Even though I have RA, my journey has been complicated by the fact that I have lupus, as well.
Being part of the RA community here on HealthCentral, while I have tried to talk a significant amount about RA, I have also talked a lot about lupus.
And I want to share with you some information about one of the movers and shakers in the lupus online community:
A little bit about Sara:
Sara was diagnosed with lupus in 2001, at the age of 26. Her illness began with fluid on the lungs and joint pain. She then developed kidney involvement, anemia, rashes, and hair loss.
Sara was lucky in that her lupus was diagnosed rather quickly (a matter of several weeks), because as many of us with lupus know and have experienced, the road to diagnosis can be extremely long and painful.
According to the Lupus Foundation of America, the average time between the onset of symptoms and diagnosis is 4.4 years.
In 2004, she left the television production world in order to better manage her health. And she has succeeded in this regard. She is married, and has two daughters.
Sara is the author of the blog Despite Lupus. In 2009, Sara published the book “Despite Lupus,” which is a must for anyone who suffers from, or knows someone who suffers from, the disease. In it, Sara outlines how she was able to manage her illness and her life, and provides hope to readers that things will get better for them, as well.

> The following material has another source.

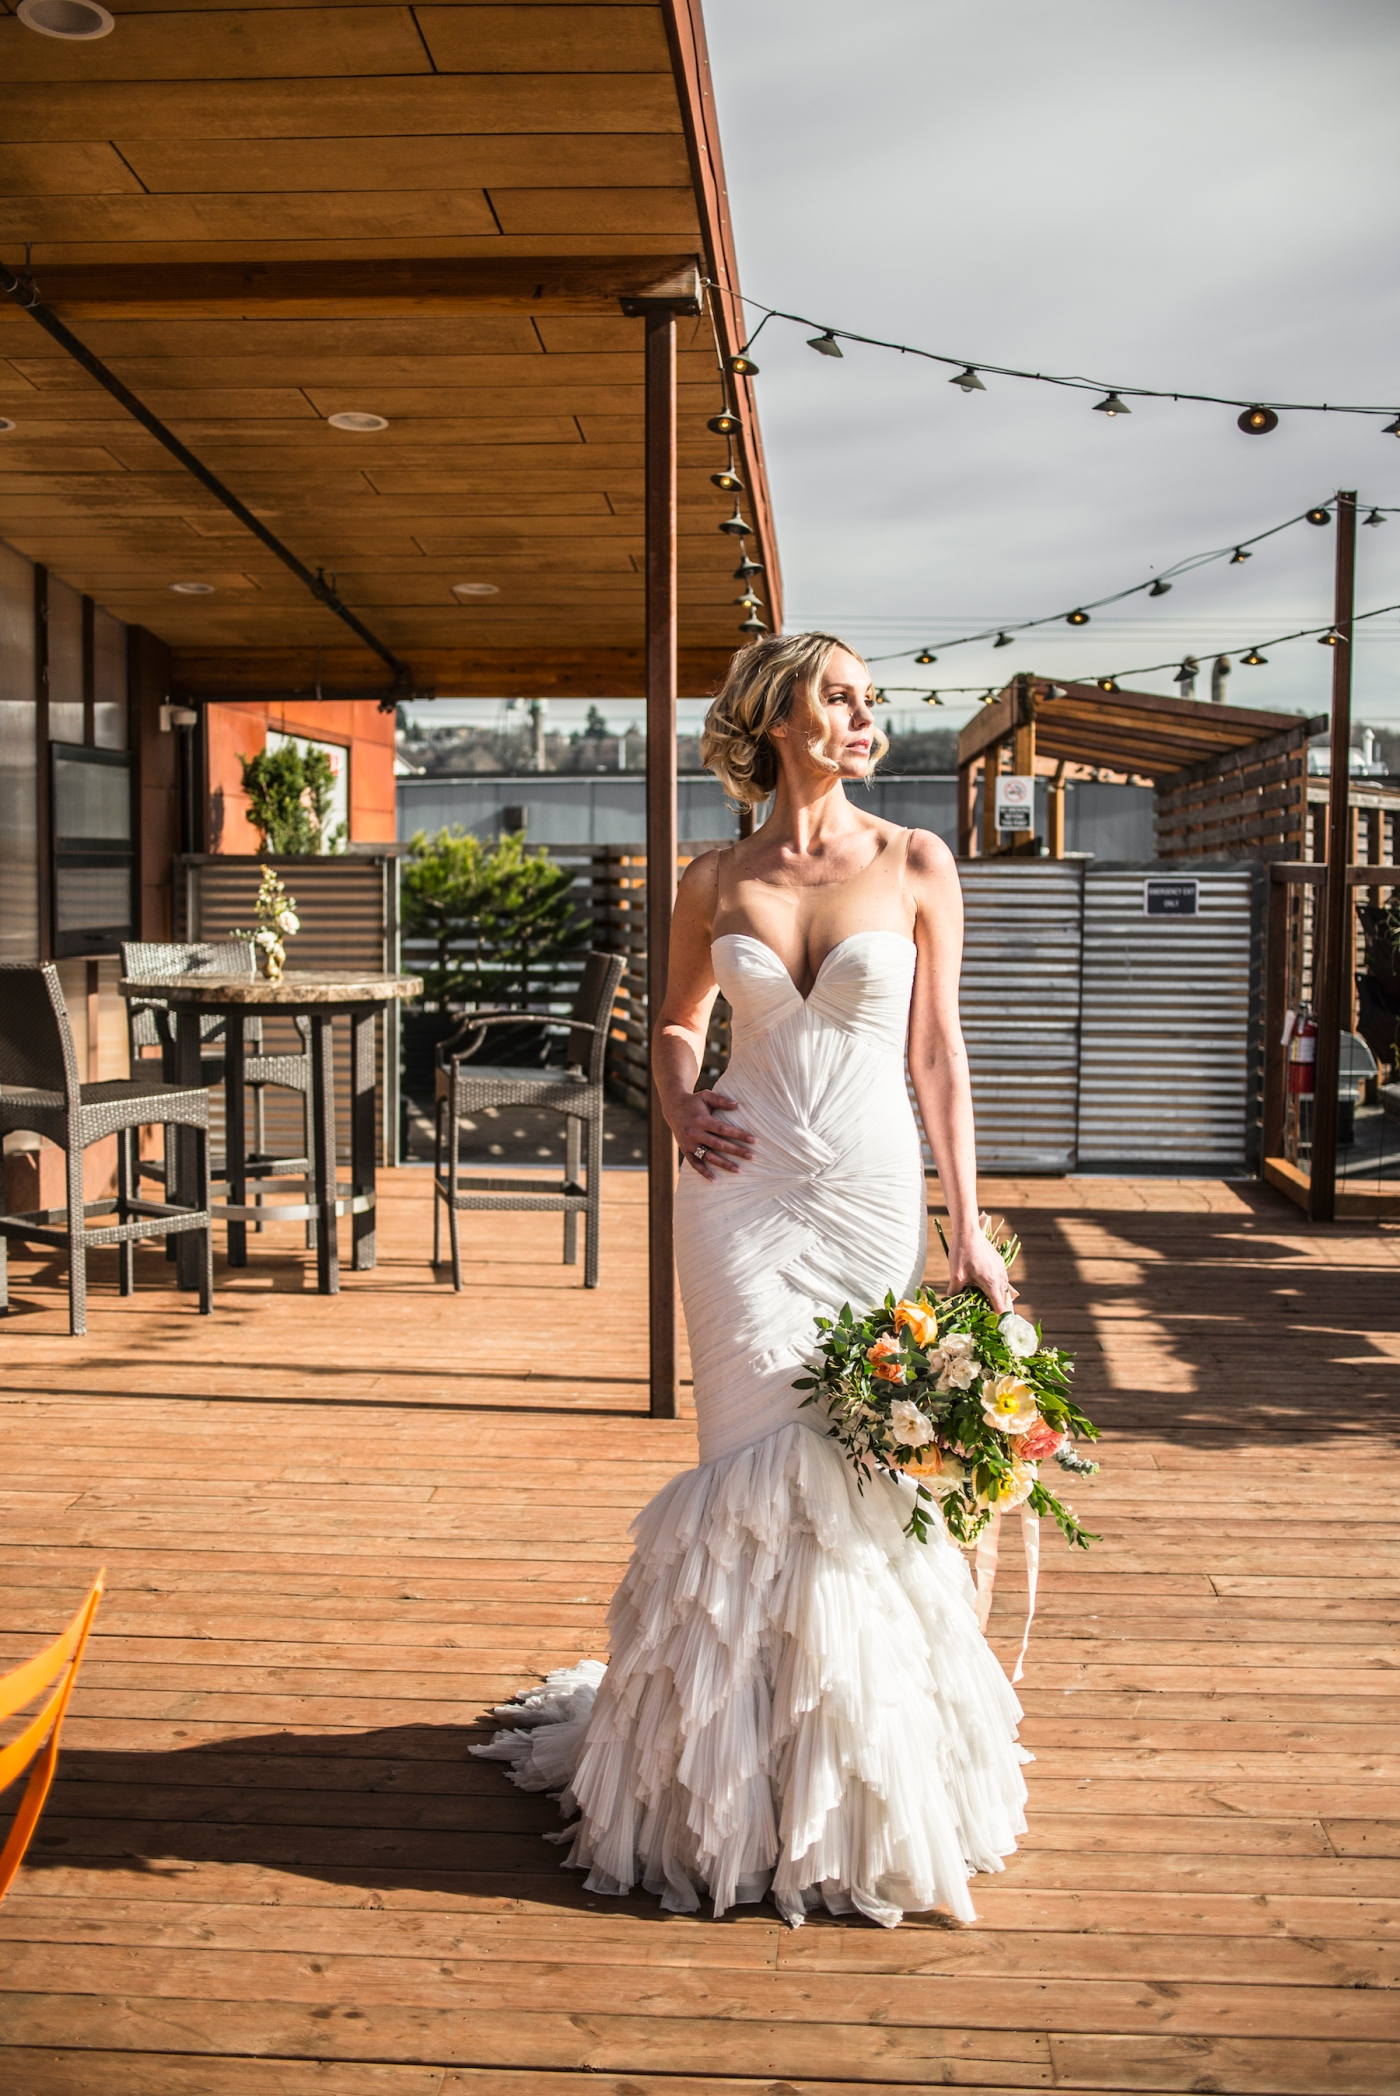 photography_by_jane_speleers_2017_wedding_show_i_do_sodo_within_designed_by_melody_davisdsc_0471

More recently, Sara has taken being a “sick chick” to a whole new level, creating an innovative and pretty line of accessories to hold medication.
The Pillfold is a weekly pill organizer, and the Pillpouch is a bag to hold prescription bottles. Both are fabric and come in four different patterns.
The Pillfold has two compartments for each day, and an extra compartment. The Pillpouch has elastic bands to hold up to six prescription bottles.
These are so cute and stylish. They certainly beat the clunky, plastic cases that you can buy at the drug store.
And as was Sara’s intent, these accessories totally disguise the fact that you’re toting medication around.
Of the bags, she says: “Fun, fashionable bags designed to carry medication. Bringing a dose of style™ to your daily routine, at home or on the road.”
And part of the proceeds from the bags will be donated to a lupus organization.
Clearly, Sara is living life with lupus to the fullest, and contributing to the chronic illness community in positive ways. She has used her own experiences to create a product that is useful for those who deal with any medical issues that require medication.
She is a role model, not just for those of us with lupus, but for other chronically ill people, as well, that living life with chronic illness to the fullest is possible.